Our goal was simple: stop teams from wrestling XML and give them guardrails. Visual editors with real-time validation handle the complexity, while the Electron offline mode keeps air-gapped customers productive. The hexagonal architecture keeps the platform clean to evolve as new connectors and use cases appear.

Matvii Kharlamenko
Co-Founder / CTO, BeingArt IT

Full-stack TypeScript architecture

The platform embraces TypeScript throughout for type safety and developer experience:

Frontend: React 18 + TypeScript 5.9: Modern React with hooks, context, and functional components. Vite 6.4 build tool replacing Create React App—significantly faster builds (60% improvement) and hot module replacement. TypeScript strict mode catches type errors at compile time. React Router DOM 6.30 for client-side routing with nested routes.

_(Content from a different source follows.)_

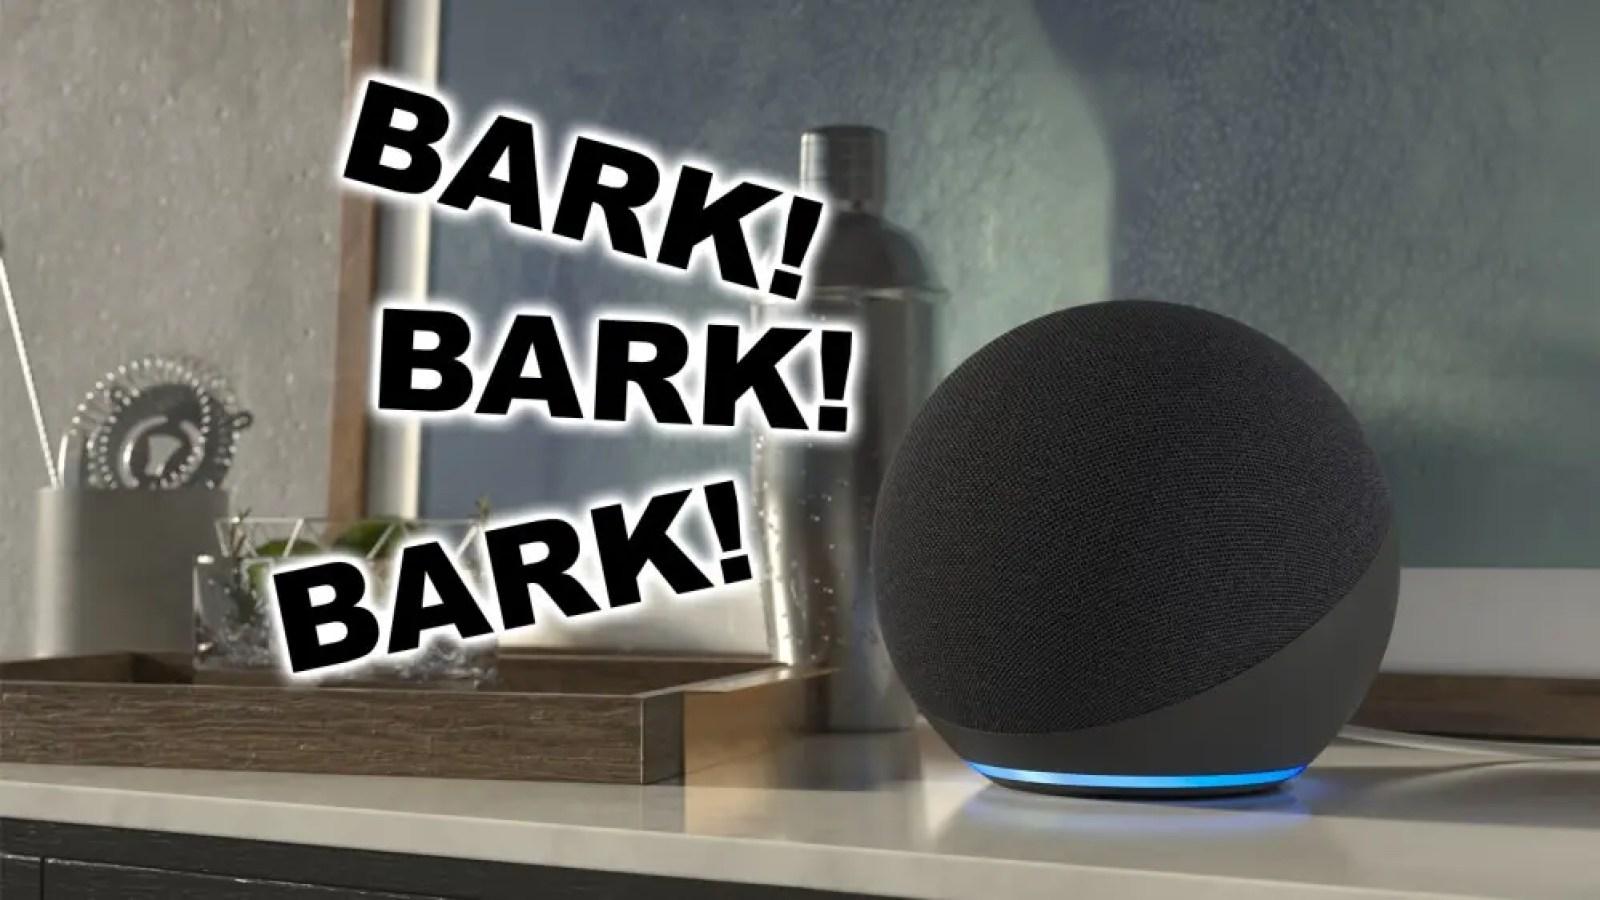 An illustration of the Echo smart speaker barking like a watchdog.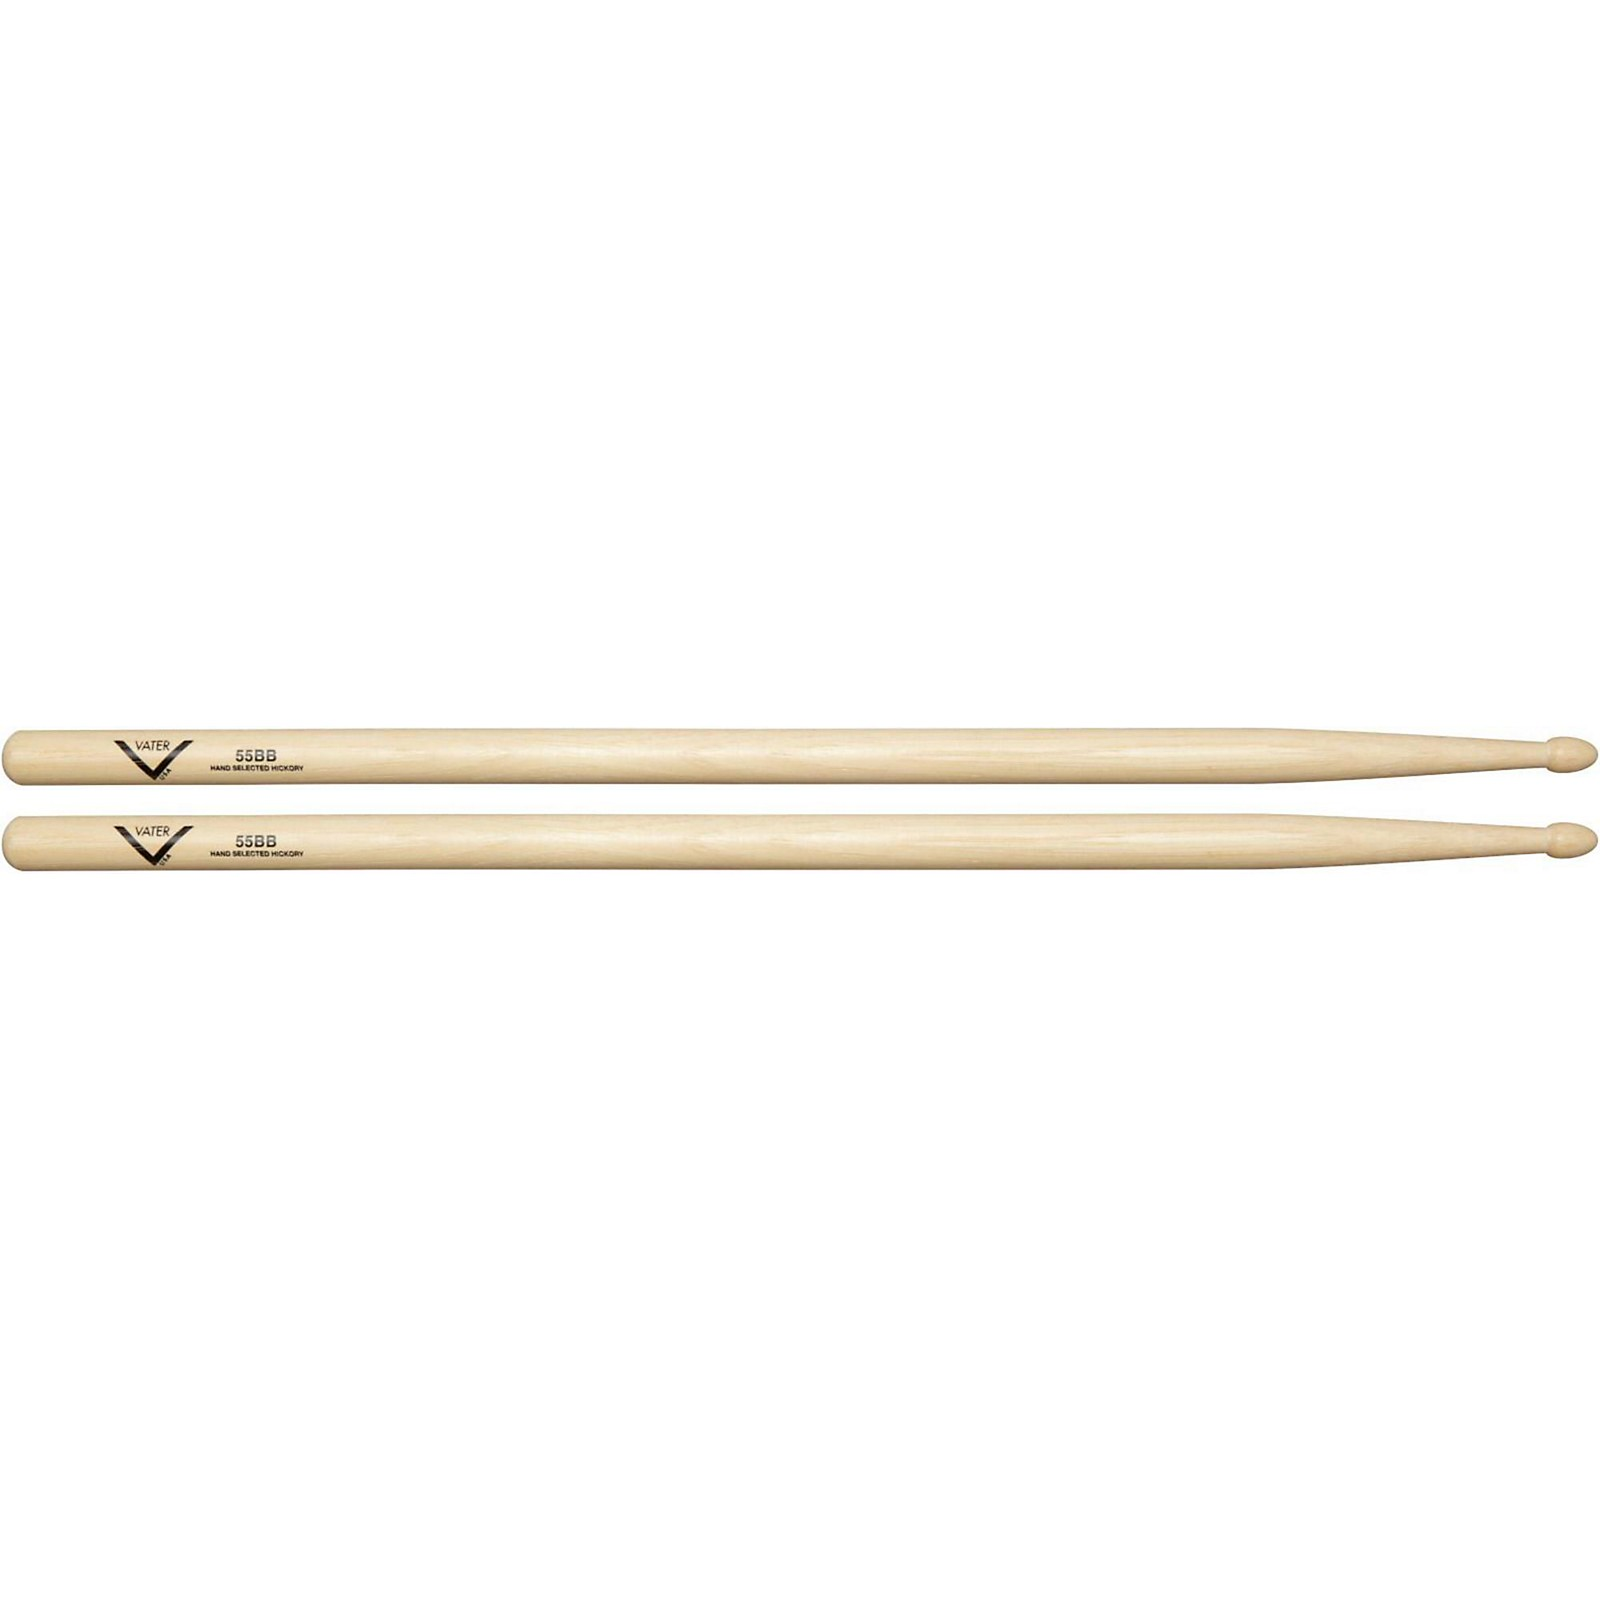 Vater American Hickory 55BB Drumsticks

Backend: Node.js 22 + Express 5 + TypeScript: Express web framework with TypeScript migration (gradual conversion from JavaScript). Hexagonal Architecture (detailed below) ensures clean separation of concerns. Type-safe domain models and use cases. Express middleware for authentication, logging, and error handling.

Shared types: Generated TypeScript types from backend to frontend ensure API contract compliance. Changes to backend endpoints automatically reflect in frontend types. This prevents common bugs where frontend expects different response shapes than backend provides.

Result: Type safety across the entire stack reduces runtime errors significantly. IDE autocomplete accelerates development. Refactoring is safer—TypeScript catches breaking changes. New developers onboard faster with discoverable, type-documented APIs.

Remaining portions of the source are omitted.